# LinguaFuse Fine-Tuning Tutorial

This notebook demonstrates how to use the LinguaFuse framework to load and process a sample dataset, and fine-tune a transformer model based on different scopes (Local, AWS, AML).

## 1. Install and Import Dependencies

Ensure you have installed the project requirements and import necessary modules.

In [10]:
# Install dependencies (run once)
# %pip install -r ../requirements.txt

# Imports
from pathlib import Path
from transformers import PreTrainedTokenizerFast
import sys
from pathlib import Path

# Add the parent directory to sys.path to resolve imports
root_dir = Path.cwd().resolve().parent
sys.path.append(str(root_dir / "libs"))

from linguafuse.cloud import Scope
from linguafuse.framework import (
    FineTuneOrchestration,
    LocalDataArguments,
)

## 2. Load and Process Dataset

Use Local scope to load the sample CSV, then process into a `ProcessedDataset`.

In [11]:
# Define sample data path
sample_path = root_dir / 'tests' / 'example_data.csv'

# Initialize tokenizer
tokenizer = PreTrainedTokenizerFast.from_pretrained('bert-base-uncased')

# Set up orchestration for local dataset
local_args = LocalDataArguments(path=sample_path)
orl = FineTuneOrchestration(data_args=local_args, scope=Scope.LOCAL, tokenizer=tokenizer)

# Process dataset
orl._create_dataset()
print(f"Dataset columns: {orl.dataset.data.columns.tolist()}")
print(f"Number of examples: {len(orl.dataset.data)}")

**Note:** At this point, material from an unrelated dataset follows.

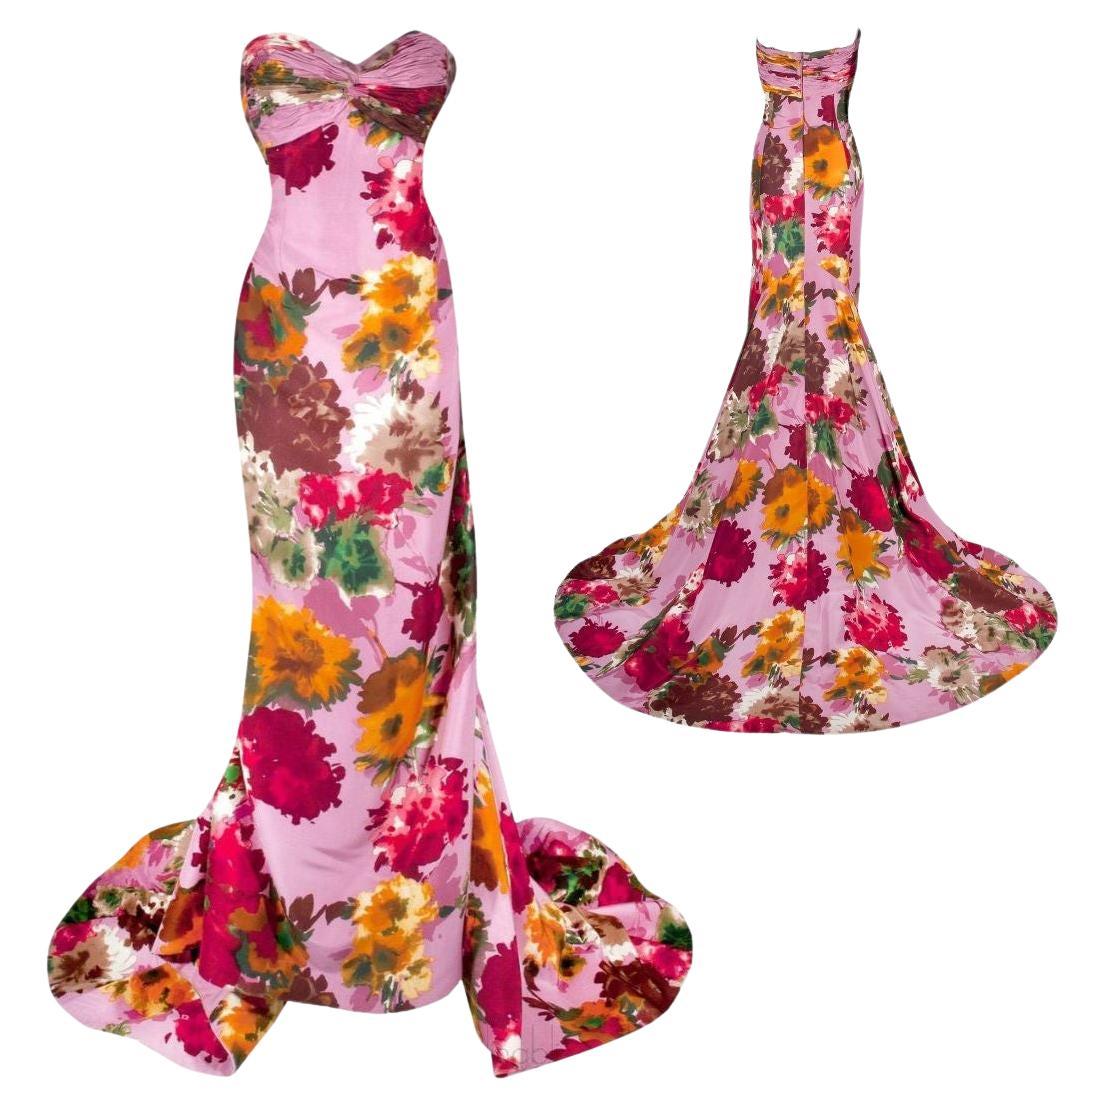 Oscar de la Renta Pink Garden Party Floral Evening Gown S/S 2008 Size 8 For Sale
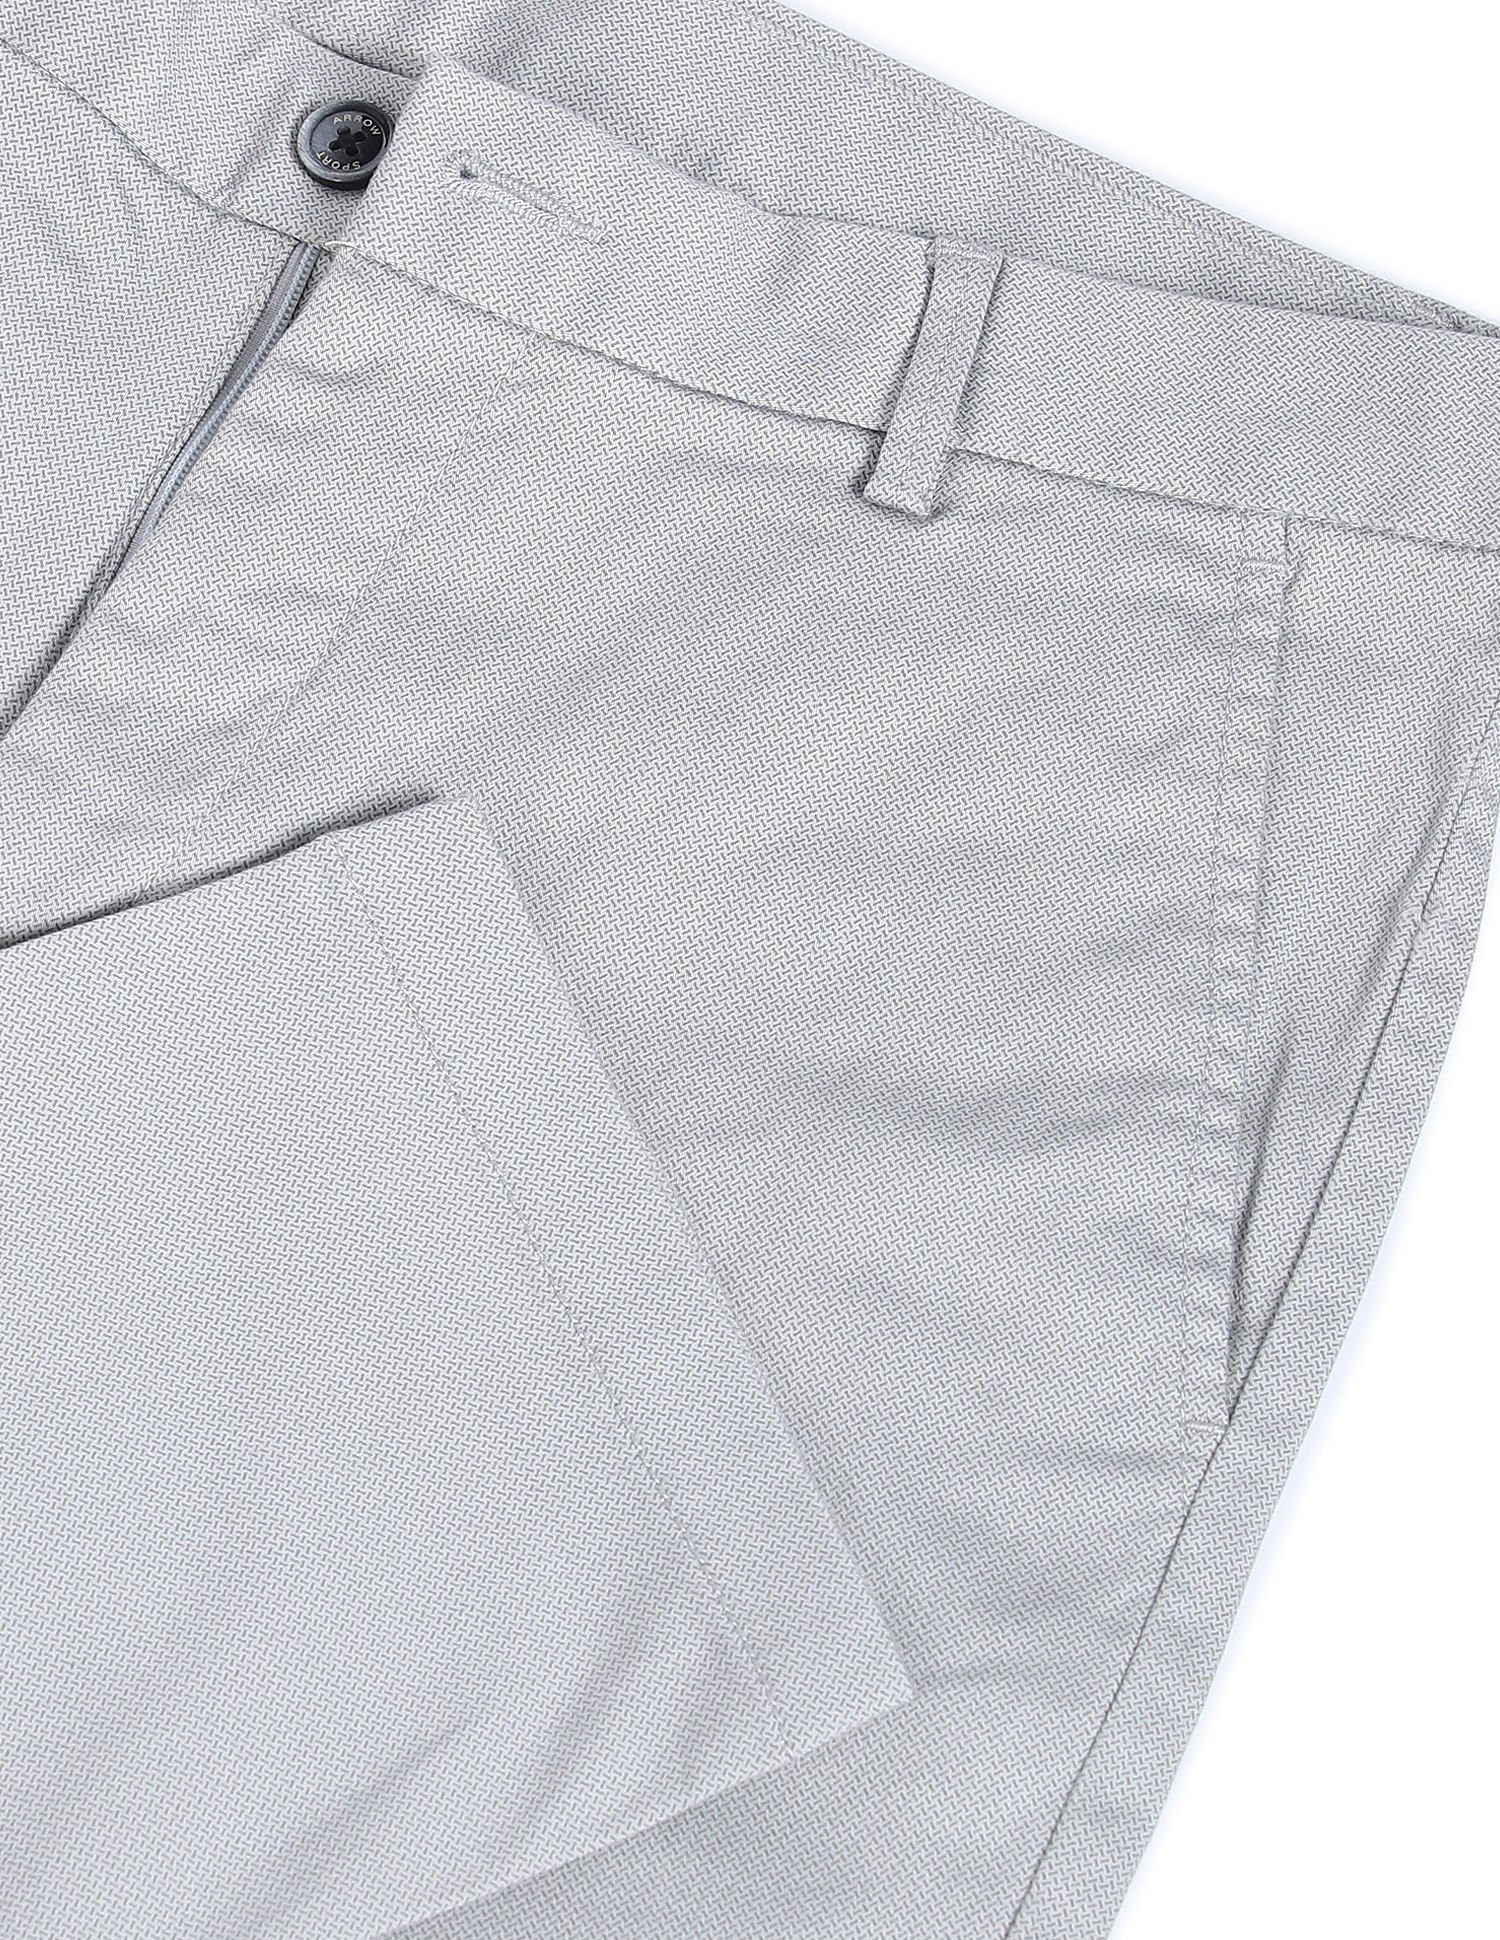 Get Spots Detail Skinny Fit Grey Denim Washed Jeans at  949  LBB Shop

The tokenizer class you load from this checkpoint is not the same type as the class this function is called from. It may result in unexpected tokenization. 
The tokenizer class you load from this checkpoint is 'BertTokenizer'. 
The class this function is called from is 'PreTrainedTokenizerFast'.


Connecting locally with asset: path=PosixPath('/Users/steven/git/LinguaFuse/tests/example_data.csv') <class 'linguafuse.framework.LocalDataArguments'>
Dataset columns: ['label', 'encoded_label', 'text']
Number of examples: 10


## 3. Load Transformer Model

Load the transformer model with the correct `num_labels` inferred from the dataset.

In [12]:
# Load model
model = orl.load_model('bert-base-uncased')
print(f"Model config num_labels: {orl.num_labels}")

Connecting locally with asset: path=PosixPath('/Users/steven/git/LinguaFuse/tests/example_data.csv') <class 'linguafuse.framework.LocalDataArguments'>


Some weights of BertForSequenceClassification were not initialized from the model checkpoint at bert-base-uncased and are newly initialized: ['classifier.bias', 'classifier.weight']
You should probably TRAIN this model on a down-stream task to be able to use it for predictions and inference.


Model config num_labels: 3


## 4. Next Steps

- You can extend this notebook to perform training loops using the loaded model and data loaders.
- Experiment with AWS or AML scopes by providing `AwsDataArguments` or `AmlDataArguments` and appropriate credentials.